- **Exercise instructions**: Please output only the lines running from the one that contains "Herve Leger Frayah" through the last line of the data below, exactly as they stand, with no pictures.

- **Data shown**:

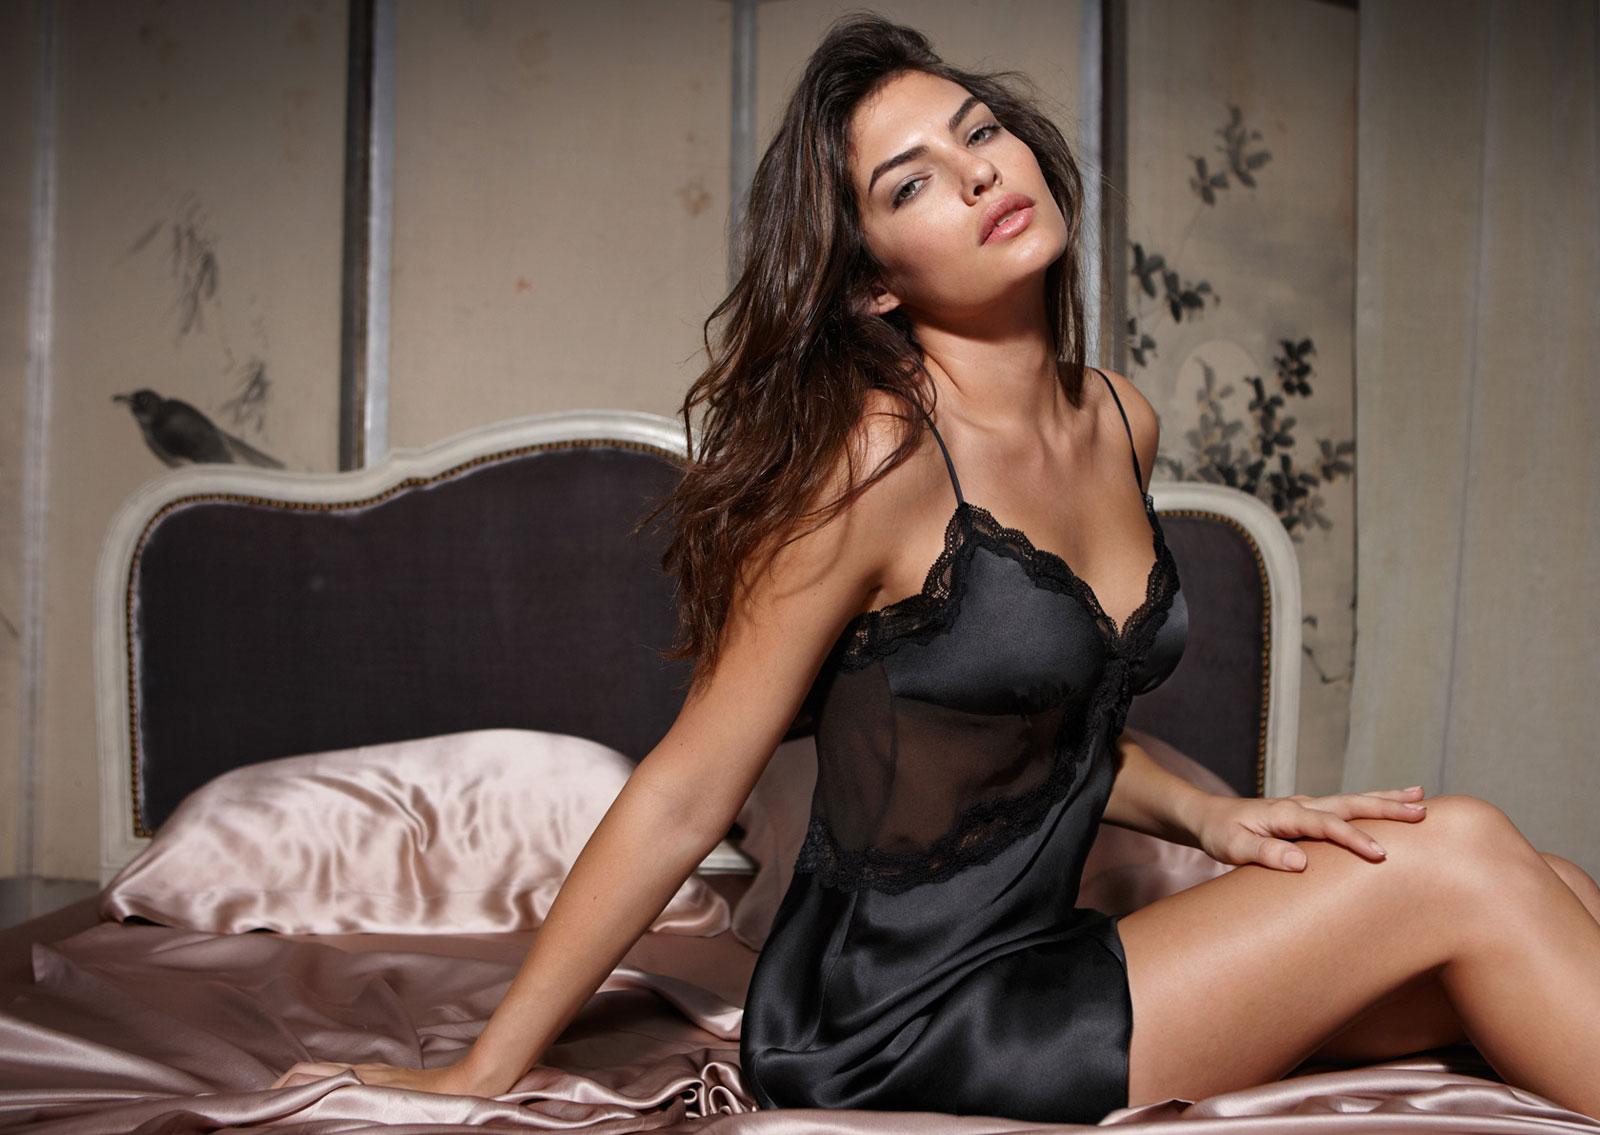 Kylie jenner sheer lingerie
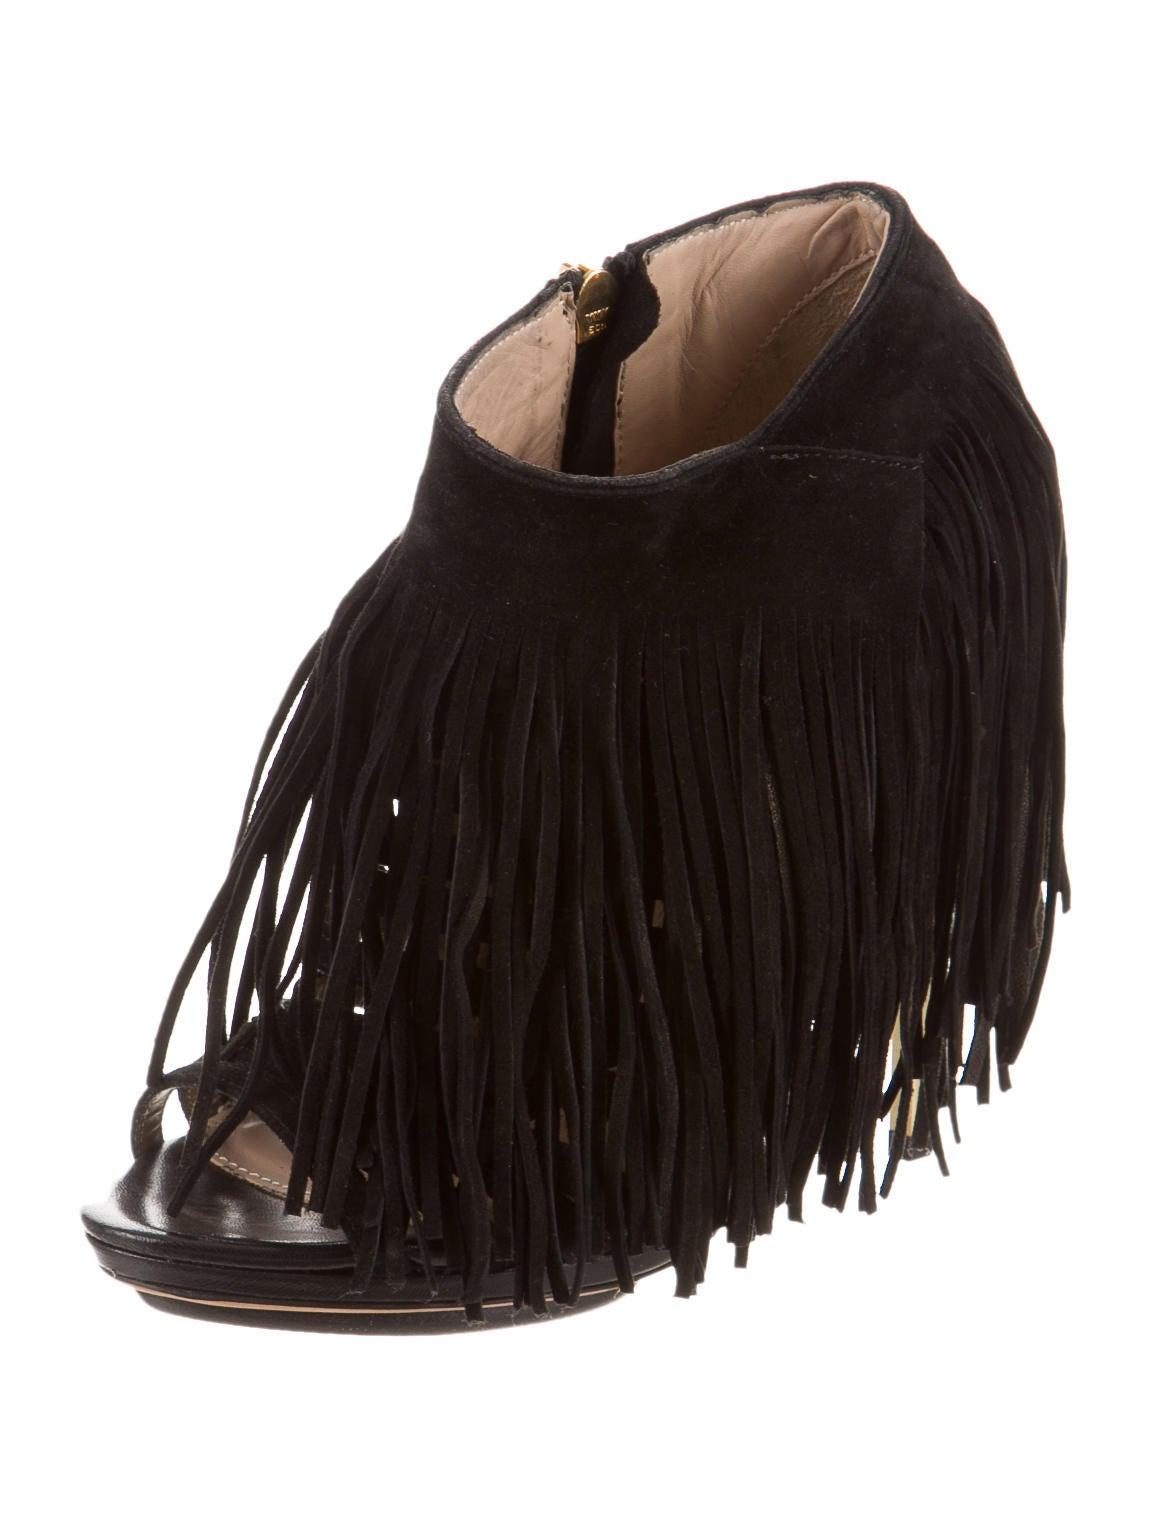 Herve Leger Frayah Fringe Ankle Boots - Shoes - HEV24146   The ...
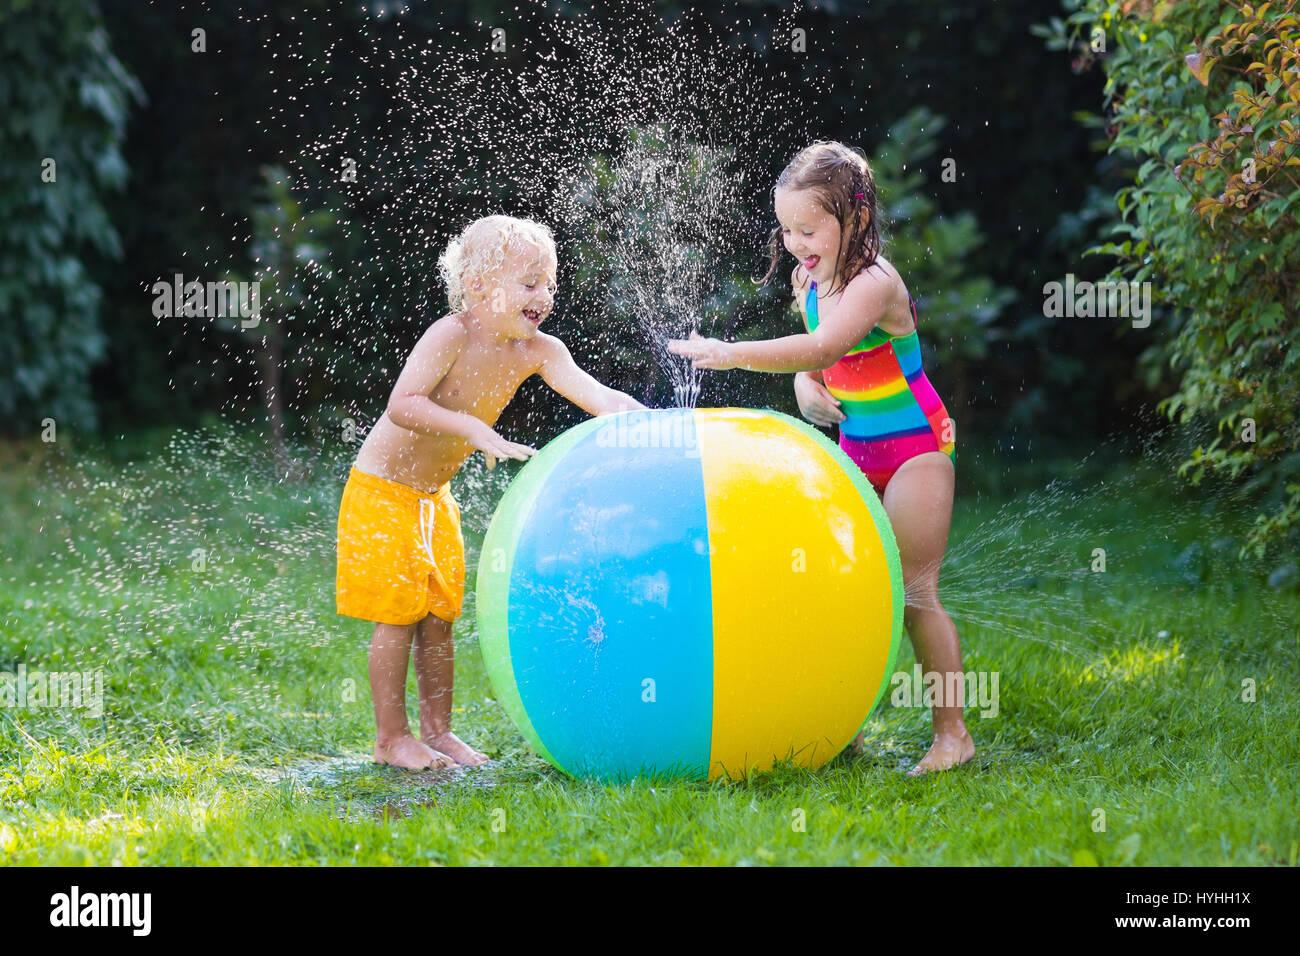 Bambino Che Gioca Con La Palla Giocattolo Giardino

- **Completed task**:
 Herve Leger Frayah Fringe Ankle Boots - Shoes - HEV24146   The ...
 Bambino Che Gioca Con La Palla Giocattolo Giardino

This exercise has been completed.